> **Problem statement**
Print the data exactly as written, line for line, and leave its pictures behind.

> **Material provided**
-----
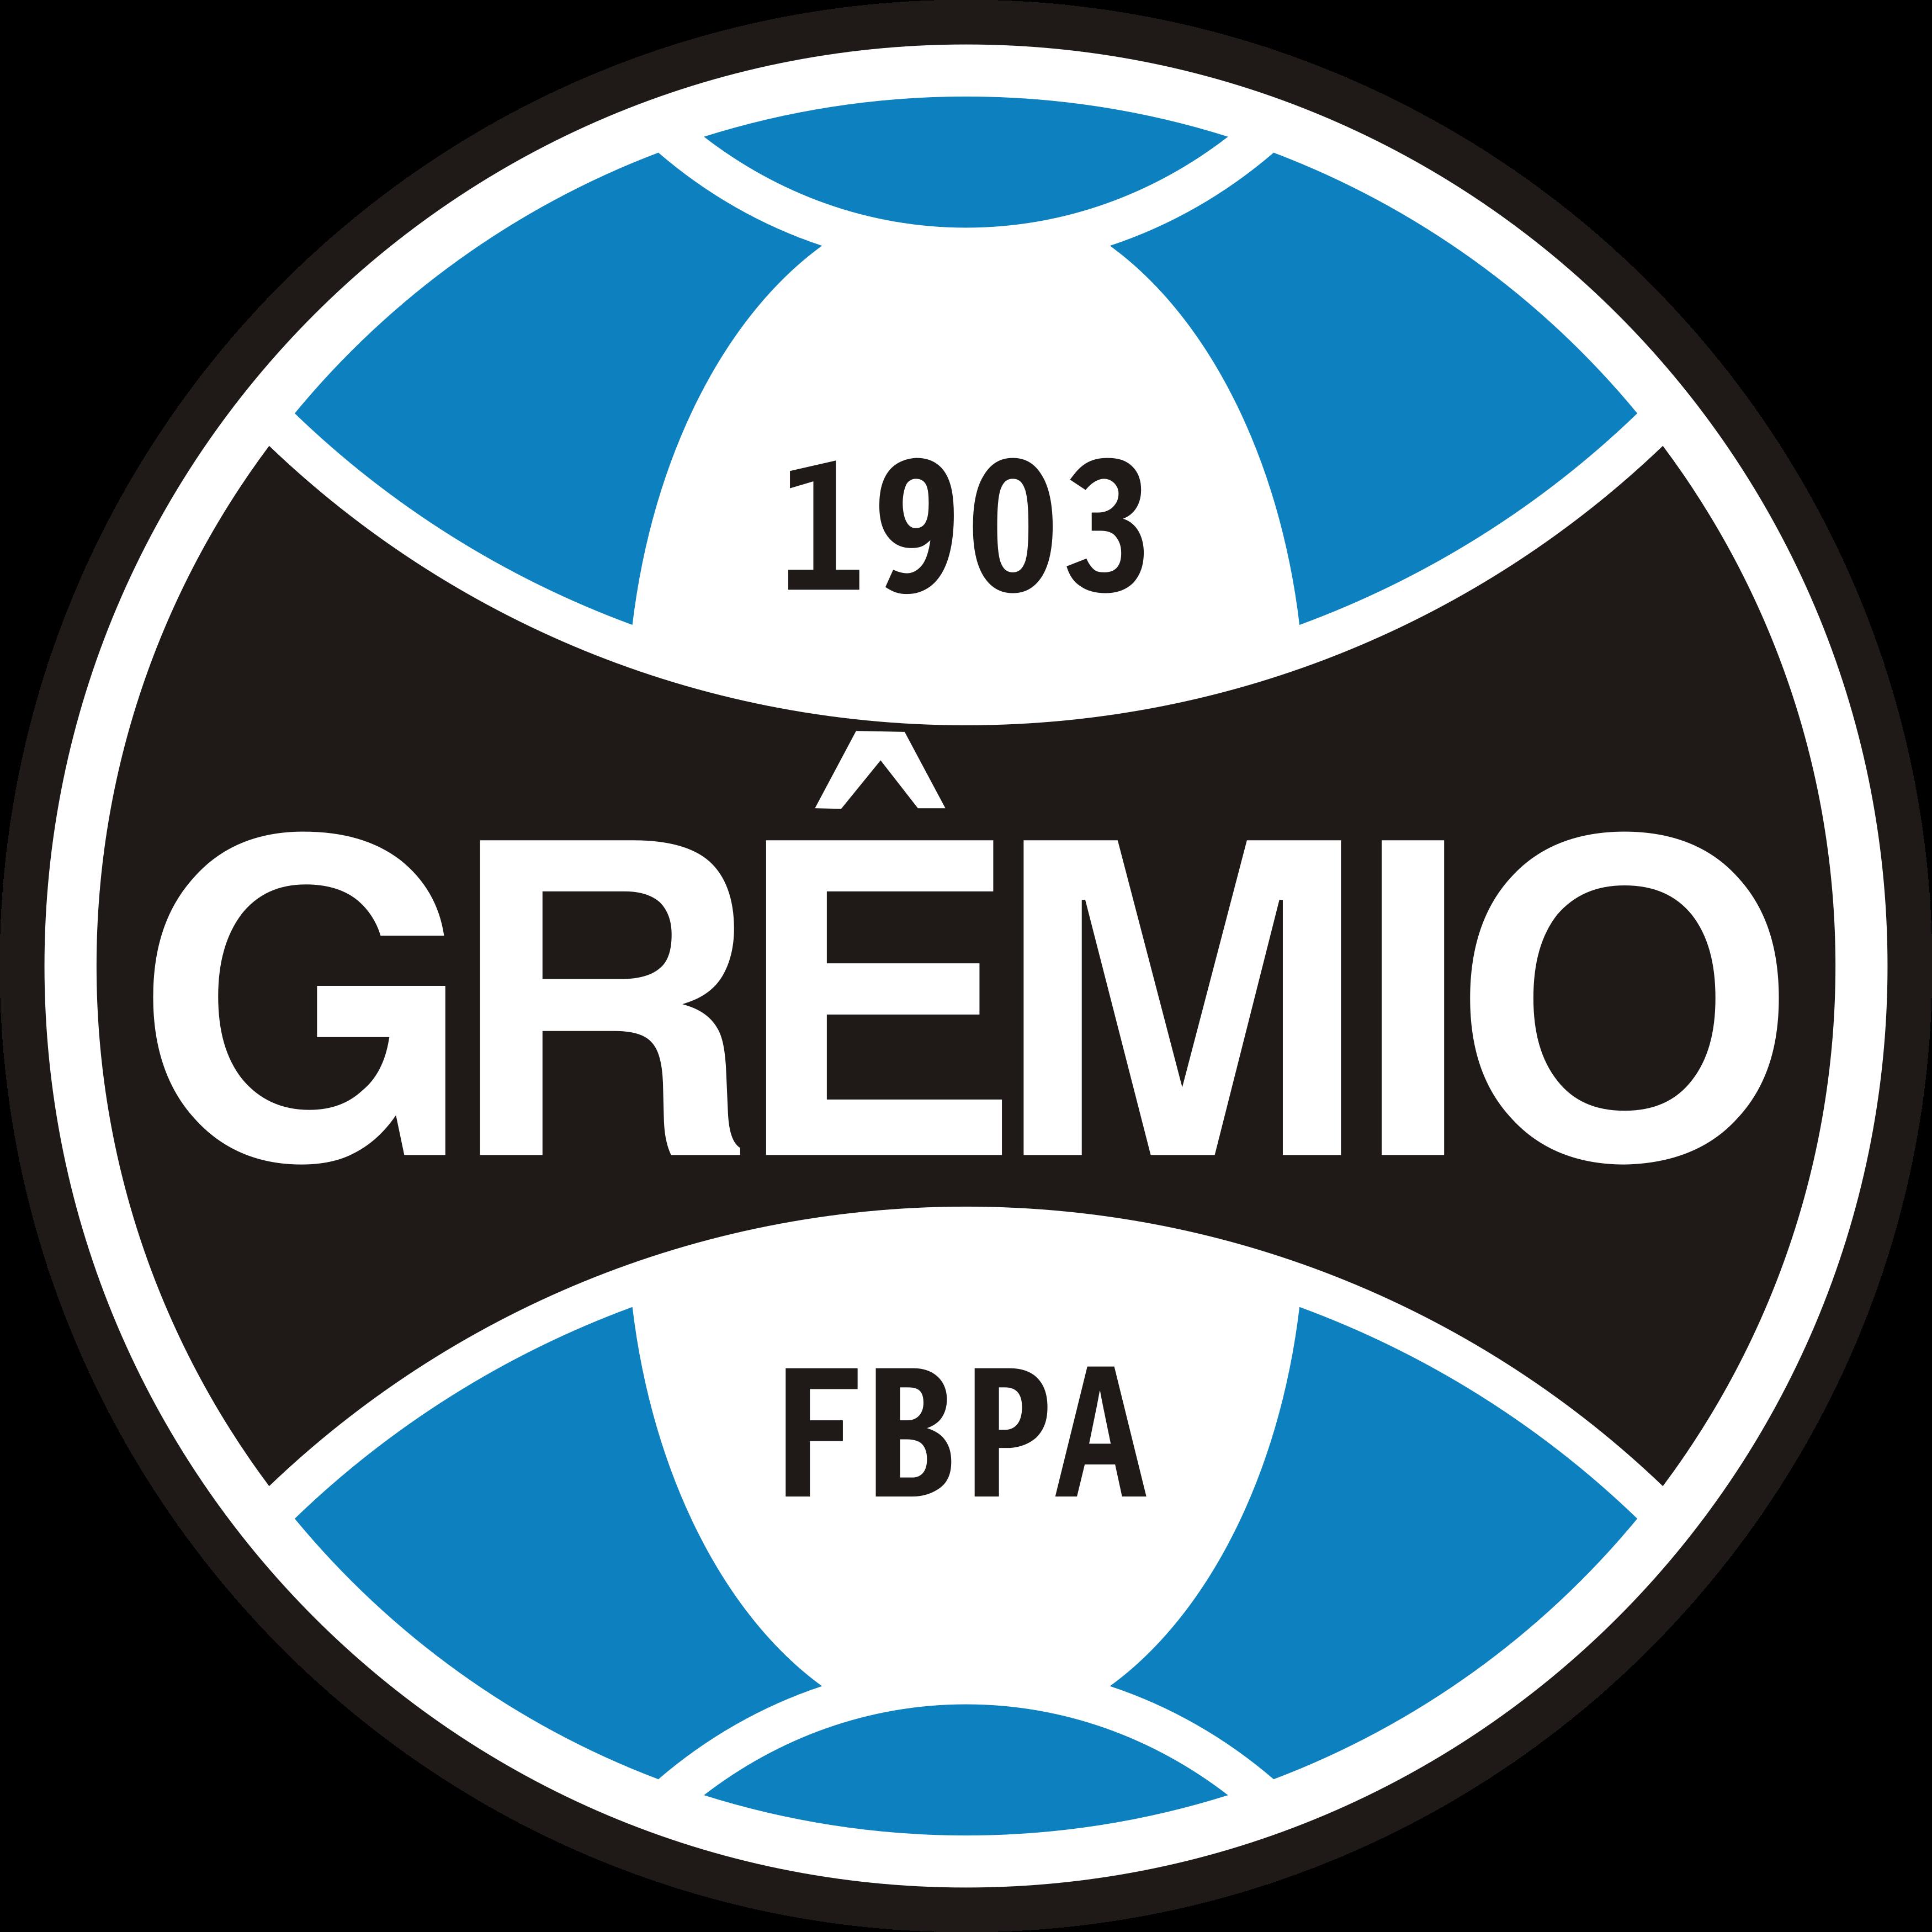 gremio logo escudo - Grêmio Logo - Grêmio Escudo
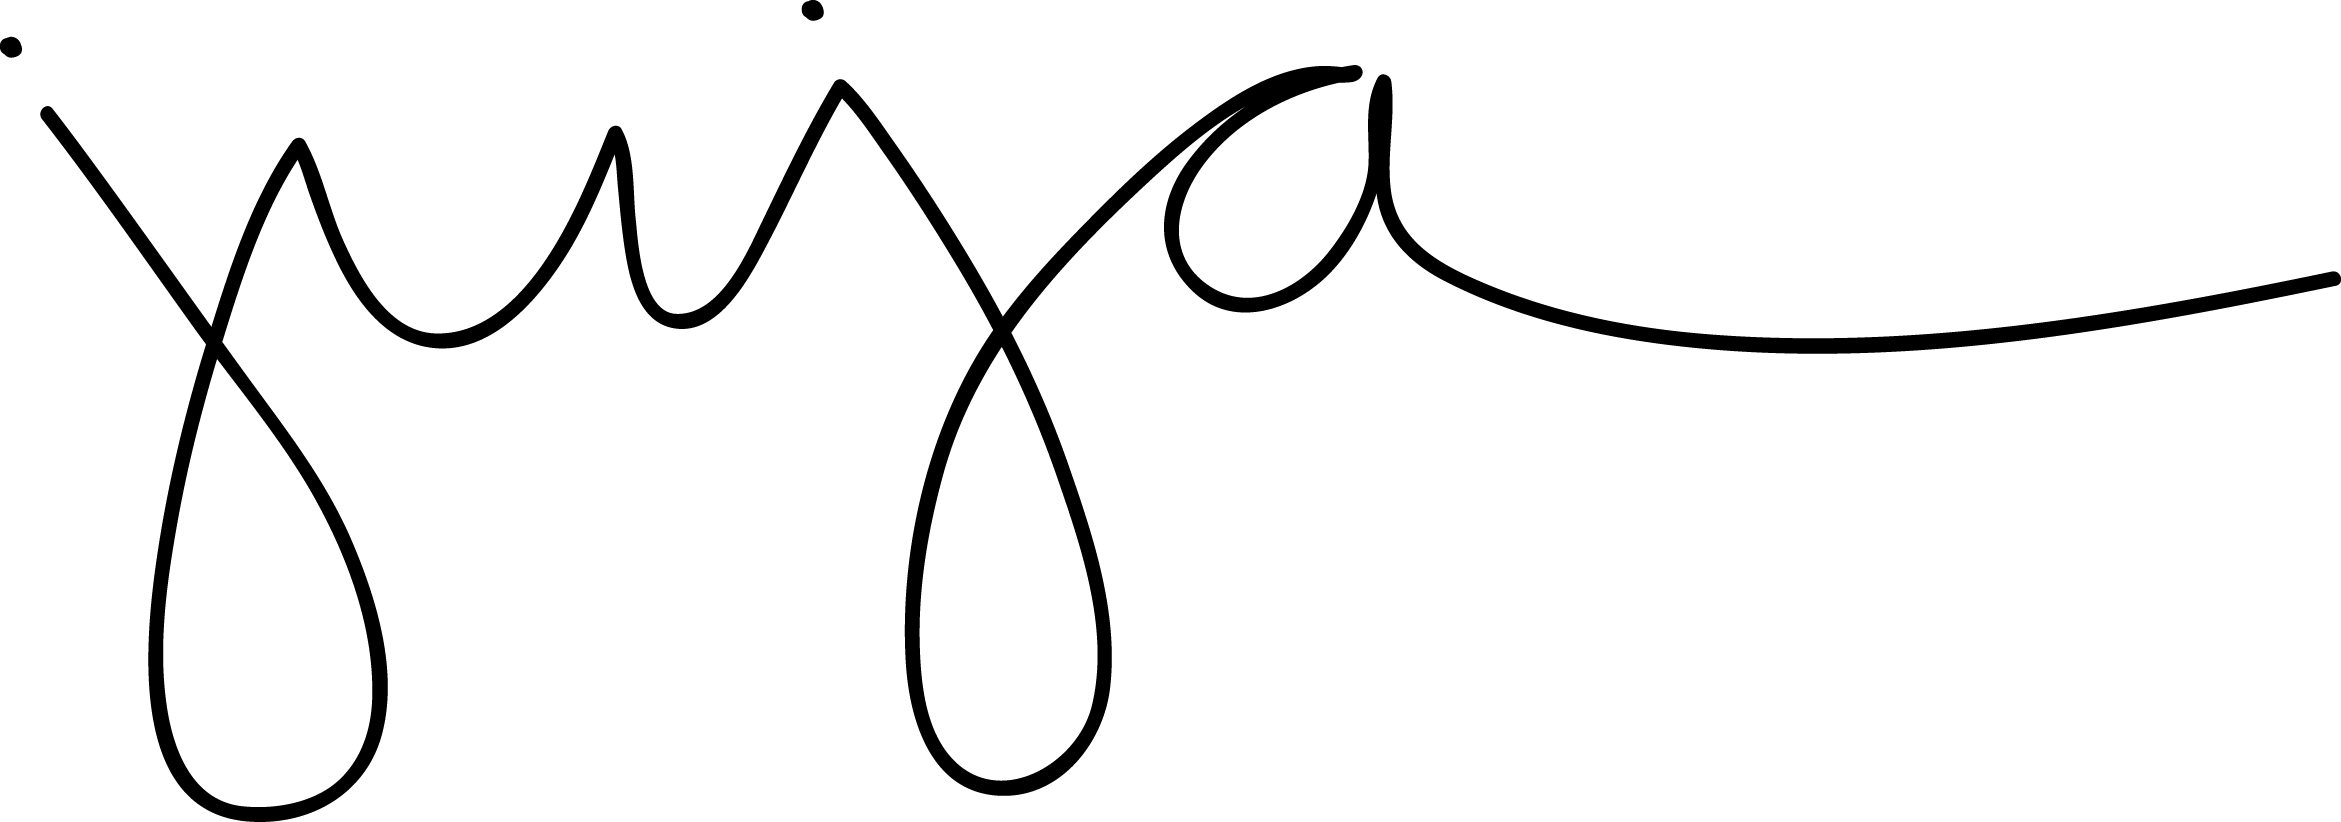 Julé CARRUTH's Signature
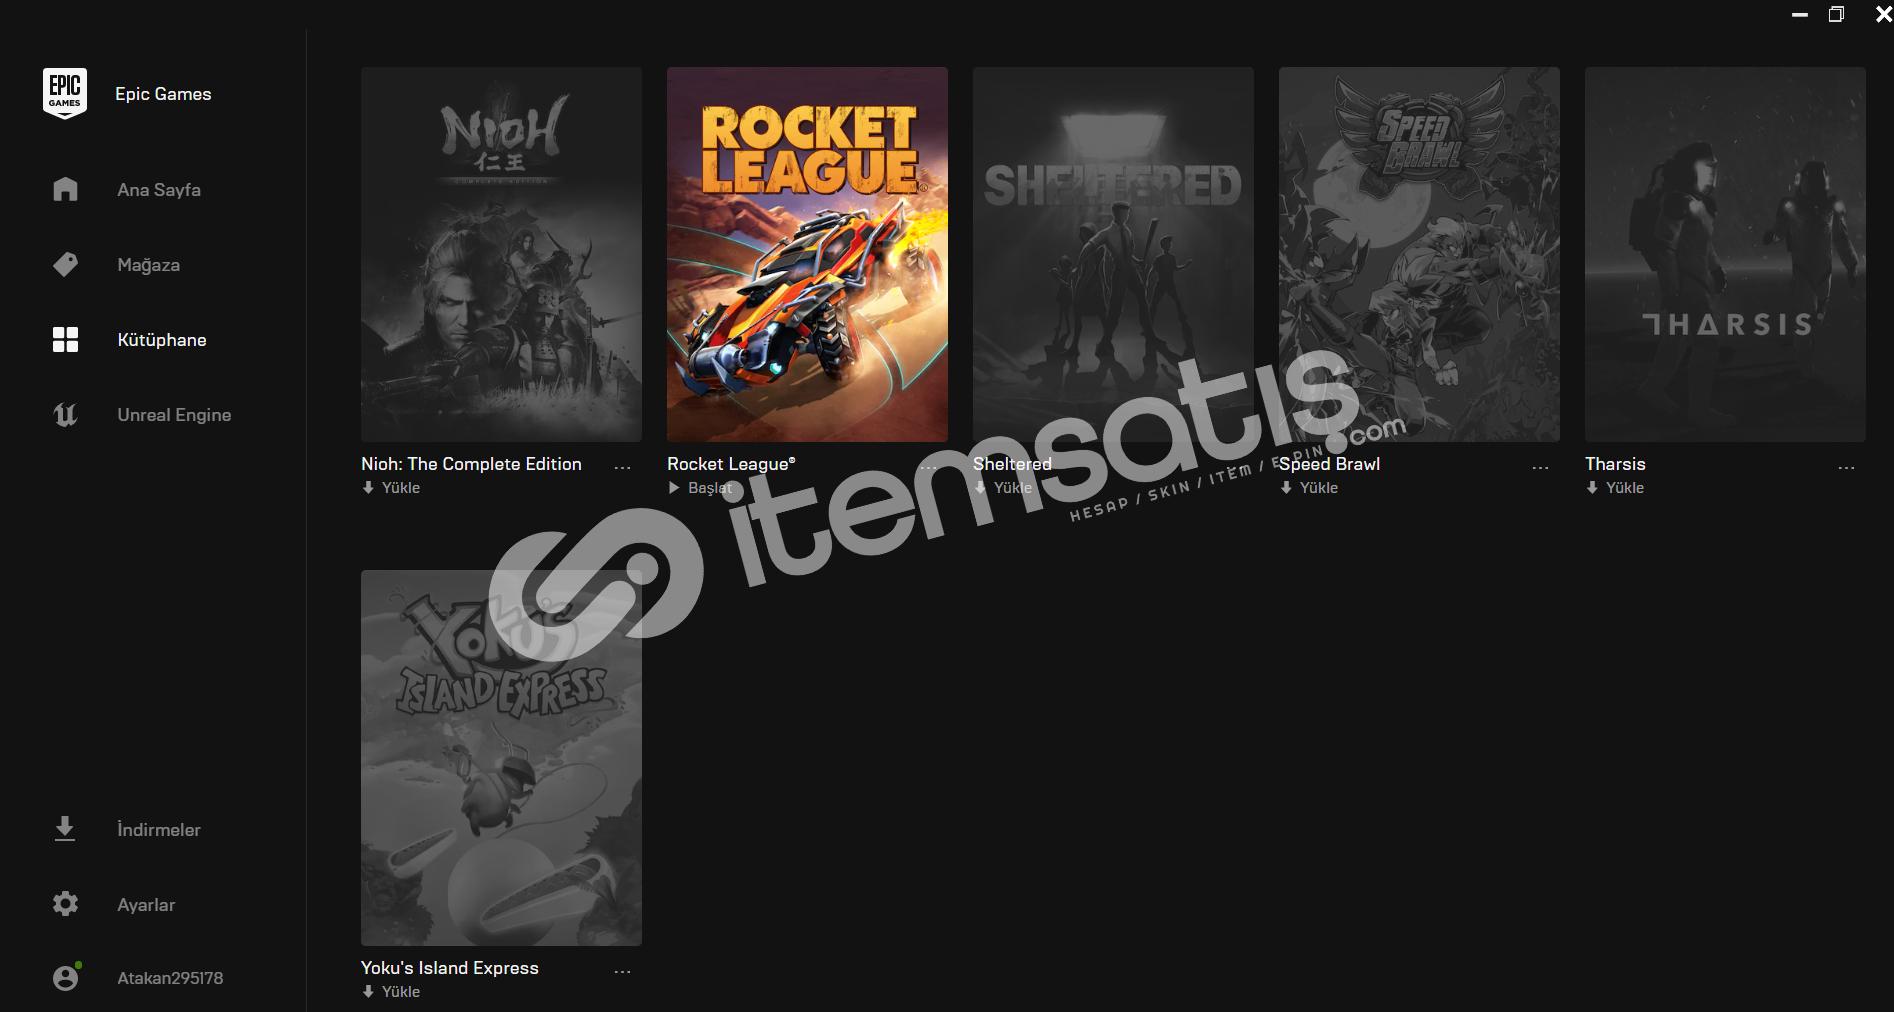 Epic Games 363 TL Hesap!!!
-----
> **Your solution**
 gremio logo escudo - Grêmio Logo - Grêmio Escudo
 Julé CARRUTH's Signature
 Epic Games 363 TL Hesap!!!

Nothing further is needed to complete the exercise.